Most breeding resources indicate that chicks should be weaned at around 28 days, but this is rarely practical for first clutch babies as their mother becomes focused on her next round. Babies from the last clutch can generally be given more time, but in my experience babies begin weaning between 21 and 25 days. This is of course largely dependent on the development of the chicks. The longer they remain with the parents the better, but if they are pecking at food and being harassed by the parents they can be separated. If the chicks are being plucked, but are not ready to wean they may be placed in a cage which is hung on the side of the breeding cage and the parents will continue to feed them through the cage bars.
Fathers will generally feed chicks longer than hens will. In my experience, usually the chicks fed the longest turn out to be hens. When chicks begin eating on their own breeders should watch feeding males carefully as they may attack young males.
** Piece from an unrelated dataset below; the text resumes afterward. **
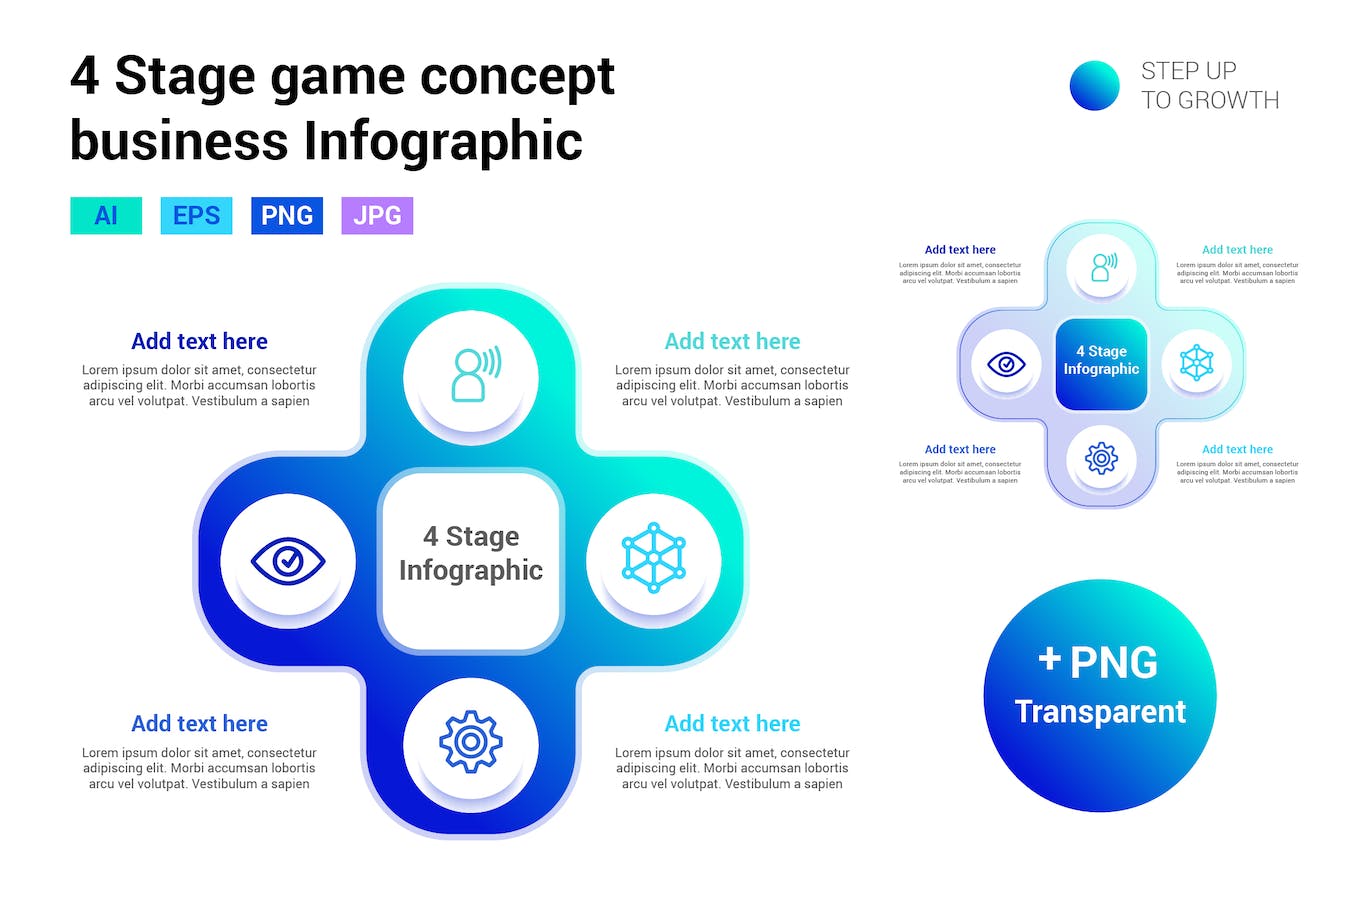 游戏方向键概念信息图表模板 4 Stage game concept infographic 幻灯图表 第1张

After chicks have been seen eating for a couple of days they can be removed to the weaning cage. No dramatic change to the diet should be made when chicks are placed in the weaning cage; only foods they have been reared on should be provided. Do not crowd weaning chicks- no more than four or five chicks to a double breeding cage. Perches should be placed as low as possible in the weaning cage- as chicks become more independent the perches can gradually be moved higher. Food in the weaning cage should be placed on the floor in shallow dishes- chicks will walk through the food and peck at it when it sticks to their feet. Small glass ashtrays and glazed plant saucers are good feeding dishes as they are heavy and flat.
Some chicks able to manage on their own in the breeding cage can regress when placed in the weaning cage so they must be monitored carefully. Chicks refusing to leave the perches to eat can be restricted to a single perch placed as close to the floor as possible.
Chicks being weaned which peep continuously are starving and should be attended. They can be placed back in with the father or the father may be placed in the weaning cage for some time.
Placing an older bird with an easy-going disposition in the cage with chicks being weaned can help teach the young birds to eat on their own by allowing them to mimic feeding behaviors.
Good first foods are well-cooked carrots- the bright orange color attracts the chicks and it is easy to eat. Other foods should include soft foods such as egg food or nestling food, shredded wheat moistened with carrot or apple juice, cooked couscous, soak seed, and greens. Some small pellets for finches and canaries should be offered as well as they will be able to eat these before they can crack seed. Some breeders scatter rolled oats directly on the clean cage floor; chicks seem to notice it and peck at it.
Chicks will not be able to crack seed for at least six weeks and probably will not be able to fully support themselves on seed until a few weeks later. During this time they must have access at all times to foods they can eat. The introduction of unlimited quantities of hard seed too early can result in the loss of chicks- don’t rush them onto hard seed too quickly. I introduce small amounts of seed at five weeks or so but continue providing soft foods right up until chicks begin the baby molt.
Chicks in the weaning cage tend to become fascinated by each other’s tail feathers. Providing young birds with plenty of toys will help alleviate this. Chicks which continue plucking their cage mates must be separated. Placing them with other aggressive pluckers usually solves the problem as pluckers will generally not allow themselves to be plucked.
Some breeders insist that chicks cannot receive a bath until they are six weeks old out of concern that they will inhale water and develop chronic respiratory problems, but I routinely allow birds to bathe from the start and have not seen any problems arise from doing so.
Chicks can easily be lost during the weaning period due to illness. Careful husbandry can largely prevent such losses. Diligent attention to ensuring that cage papers and perches are clean and that all scattered egg food is removed from the cage is vital. Take care to not become absorbed in the tending of second clutches to the detriment of first clutch chicks.